Dr. Rasbach, a graduate of Johns Hopkins medical school and a practicing general surgeon with more than three decades of experience, was tasked with solving the mystery of LeRoy’s disease. Like a detective, Dr. Rasbach peels back the layers of mystery by carefully examining the medical-related entries. What were LeRoy’s symptoms? What medicines did doctors prescribe for him? What course did the disease take, month after month, year after year? The author ably explores these and other issues in I Am Perhaps Dying to conclude that the agent responsible for LeRoy’s suffering and demise turns out to be Mycobacterium tuberculosis, a tiny but lethal adversary of humanity since the beginning of recorded time.
In the second half of the 19th century, tuberculosis was the deadliest disease in the world, accounting for one-third of all deaths. Even today, a quarter of the world’s population is infected with TB, and the disease remains one of the top 10 causes of death, claiming 1.7 million lives annually, mostly in poor and underdeveloped countries.

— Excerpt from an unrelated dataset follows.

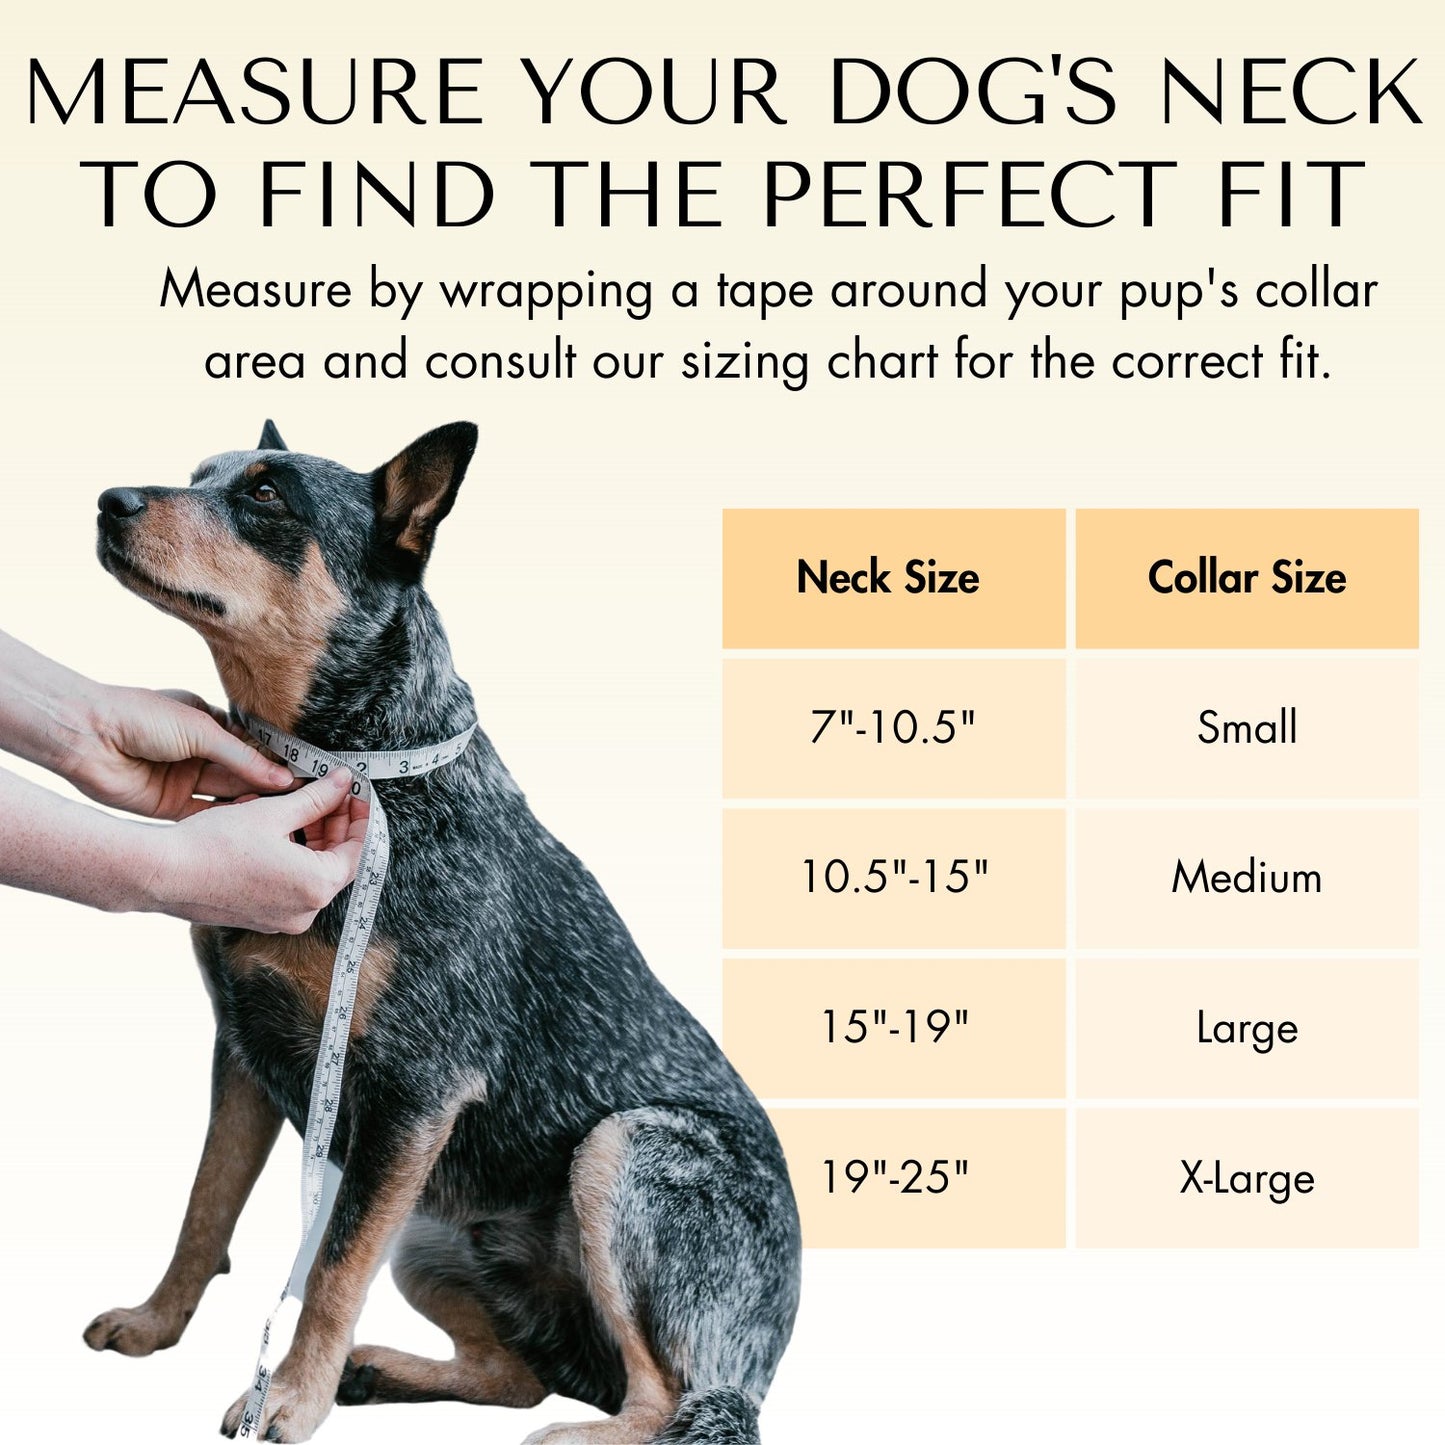 Collars - Waterproof Pink & Purple Dog Collar - Stylish and Smell Free (Purple, Pink)

While the young man was detailing the decline and fall of the Old South, he was also chronicling his own horrific demise from spinal TB. These five years of detailed entries make LeRoy’s diary an exceedingly rare (and perhaps unique) account from a 19th-century TB patient. LeRoy’s diary offers an inside look at a fateful journey that robbed an energetic and likeable young man of his youth and life. I Am Perhaps Dying adds considerably to the medical literature by increasing our understanding of how tuberculosis attacked a young body over time, how it was treated in the middle 19th century, and the effectiveness of those treatments.
©2018 Dennis A. Rasbach (P)2018 Savas BeatieListeners also enjoyed...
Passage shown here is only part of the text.